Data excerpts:
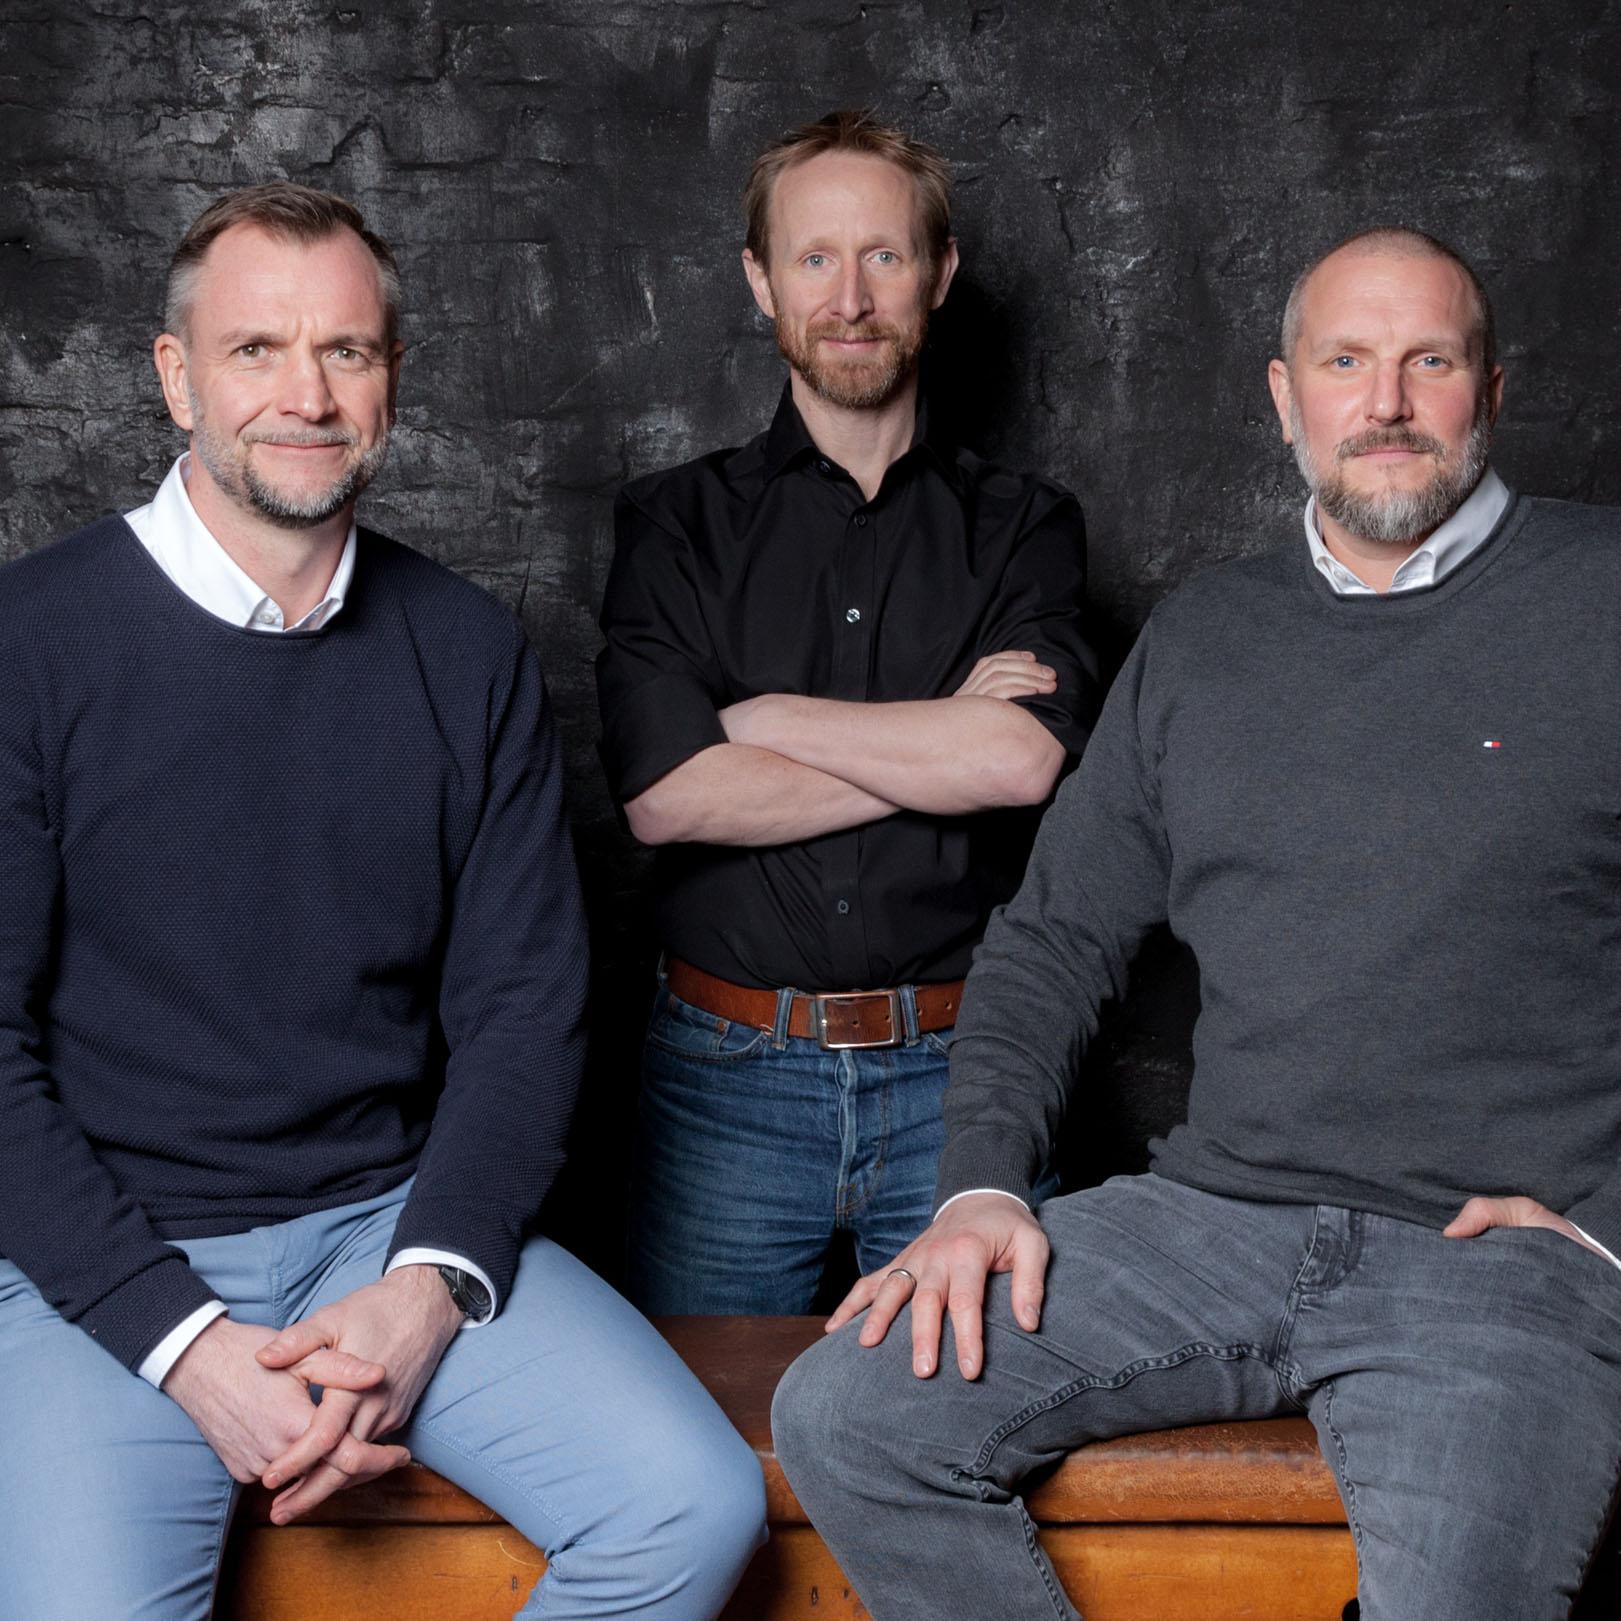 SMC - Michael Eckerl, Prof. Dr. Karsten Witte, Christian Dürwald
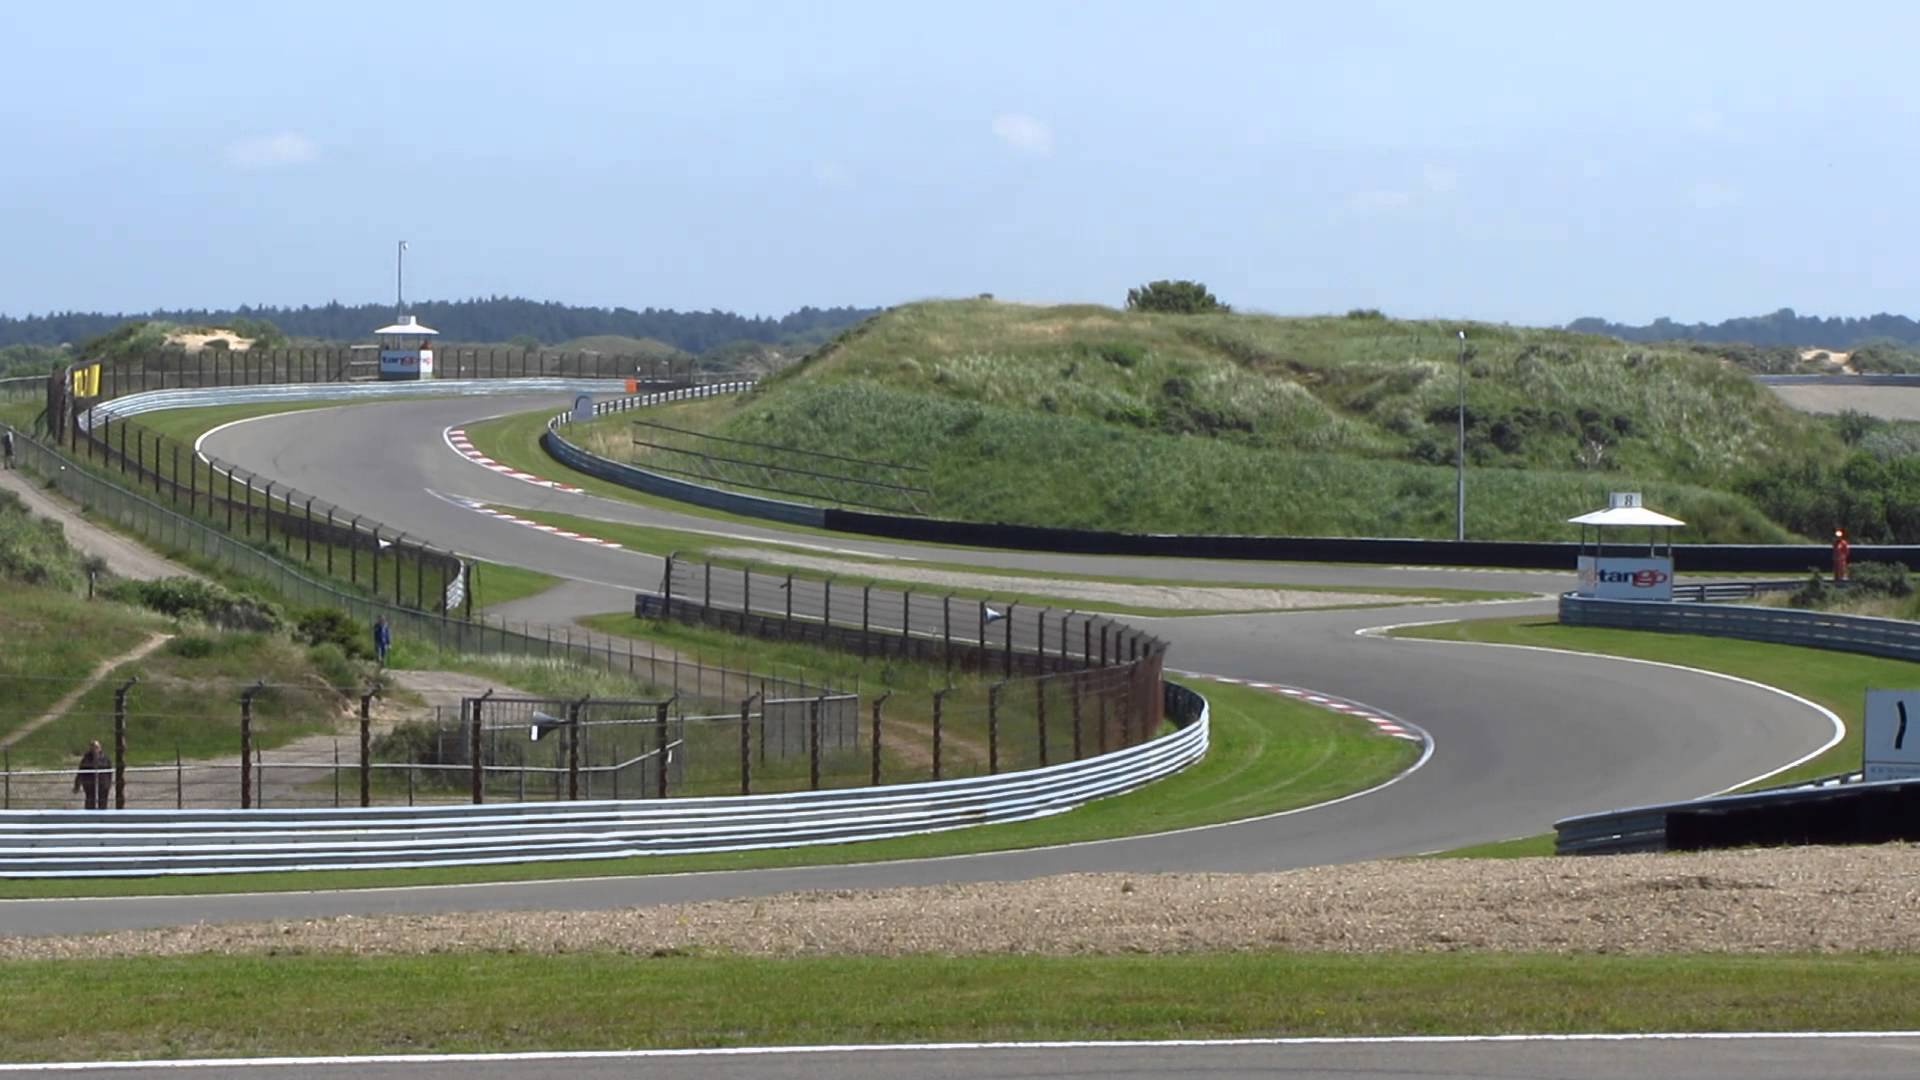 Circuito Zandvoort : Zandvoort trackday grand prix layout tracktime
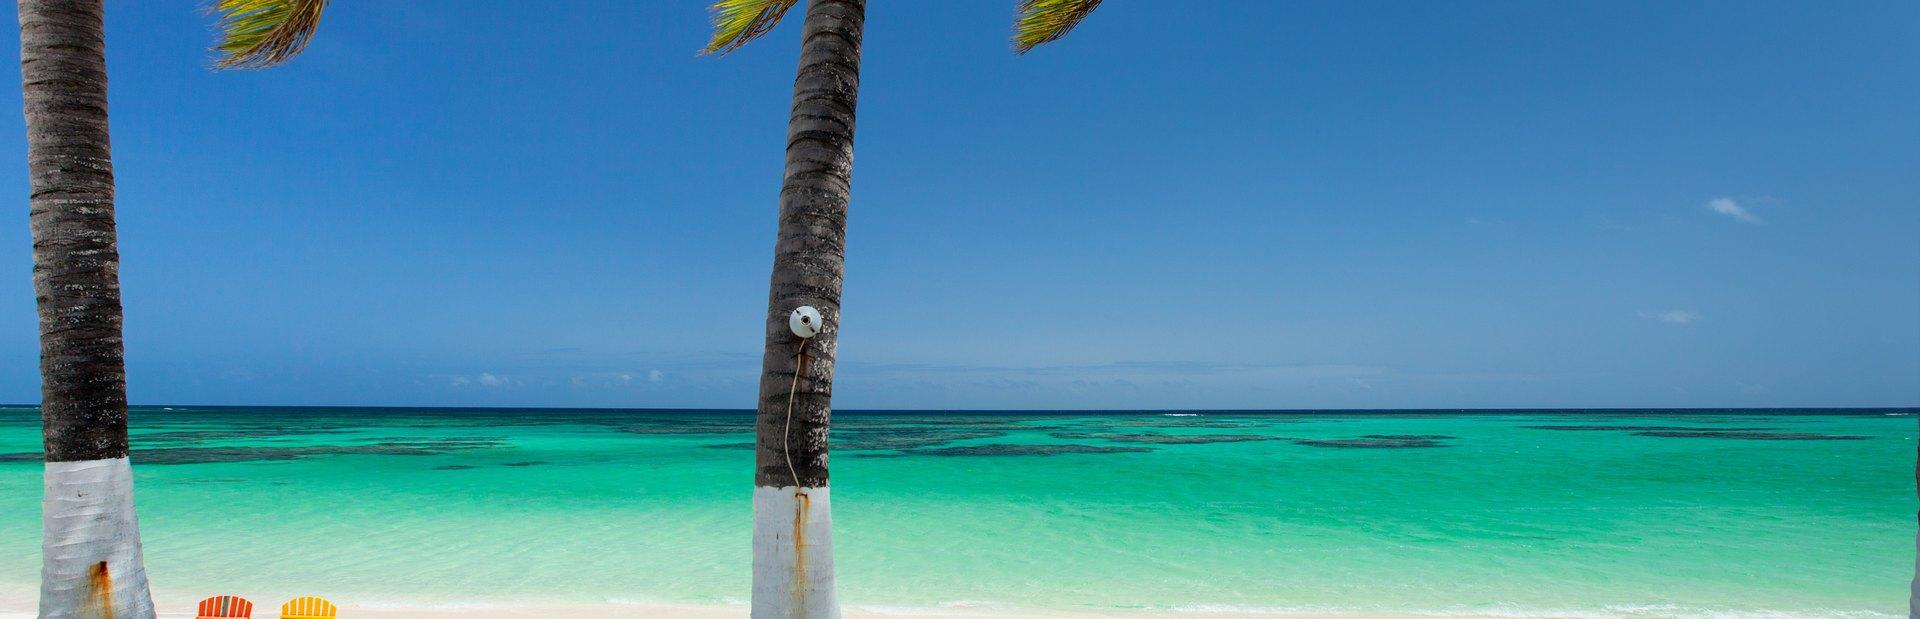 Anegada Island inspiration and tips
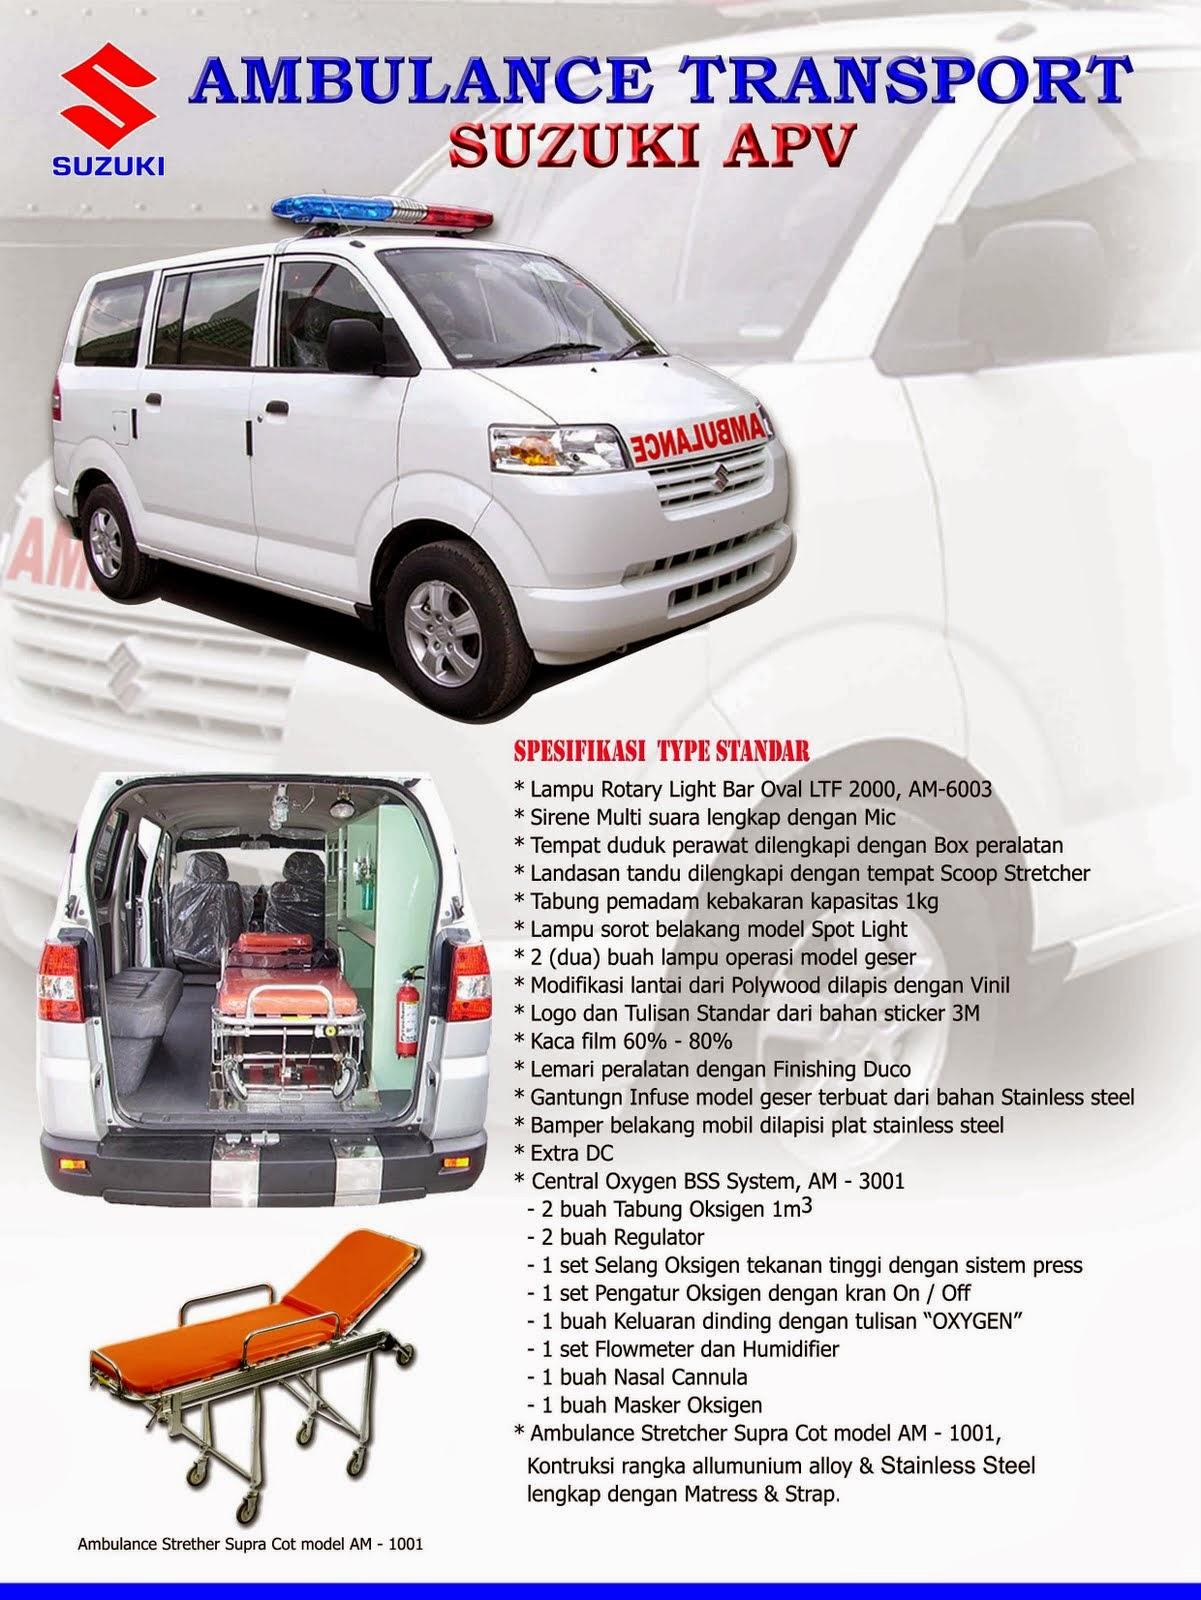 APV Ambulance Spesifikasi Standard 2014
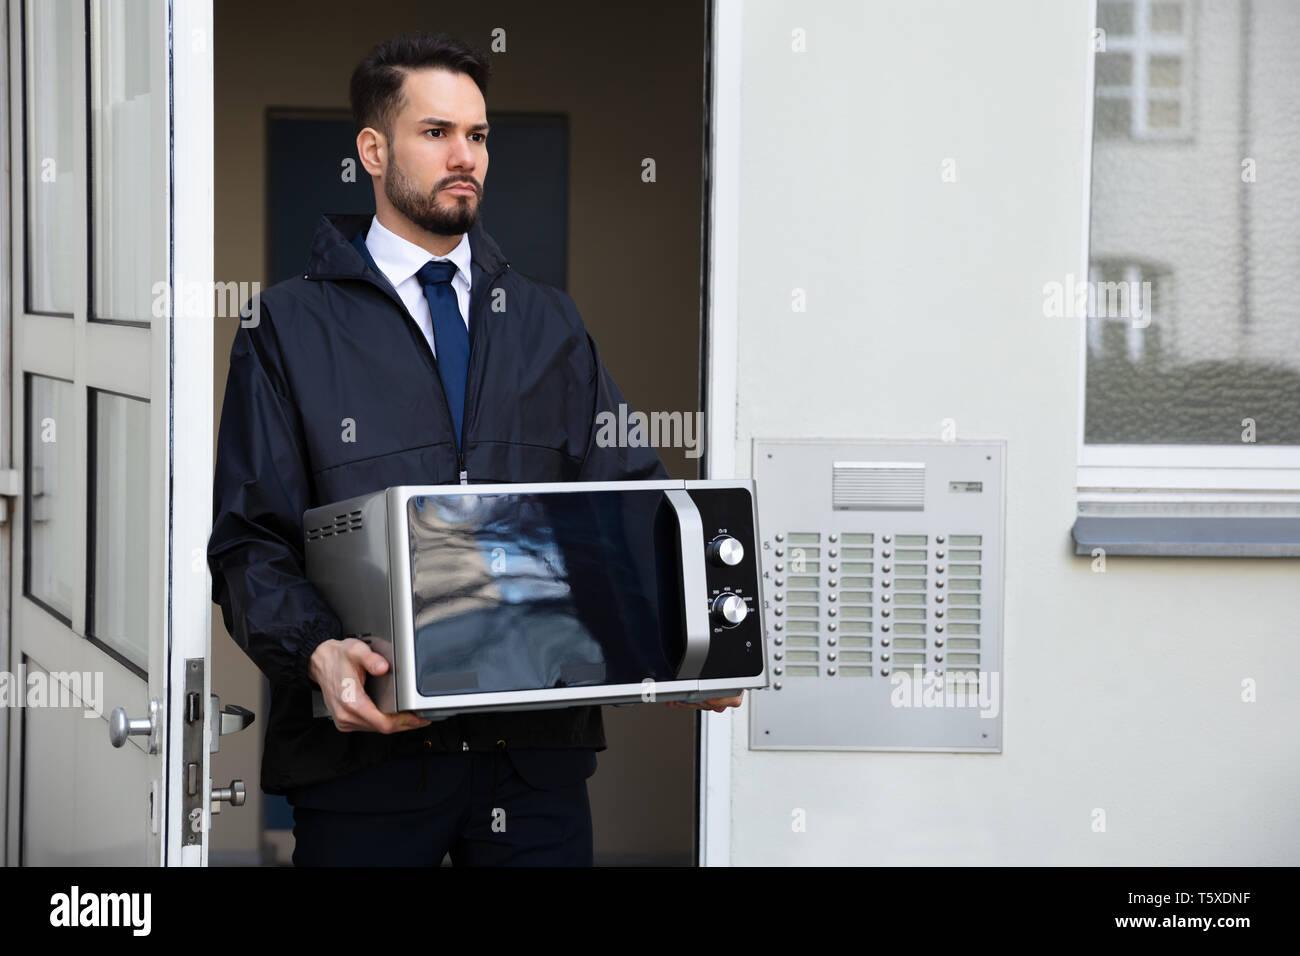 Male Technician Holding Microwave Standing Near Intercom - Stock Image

WHAT THE TASK REQUIRES: Only the lines from the one containing "APV Ambulance Spesifikasi Standard 2014" through the end of the records above should be retyped, exactly as they stand, with any pictures left out.

WORKED SOLUTION:
 APV Ambulance Spesifikasi Standard 2014
 Male Technician Holding Microwave Standing Near Intercom - Stock Image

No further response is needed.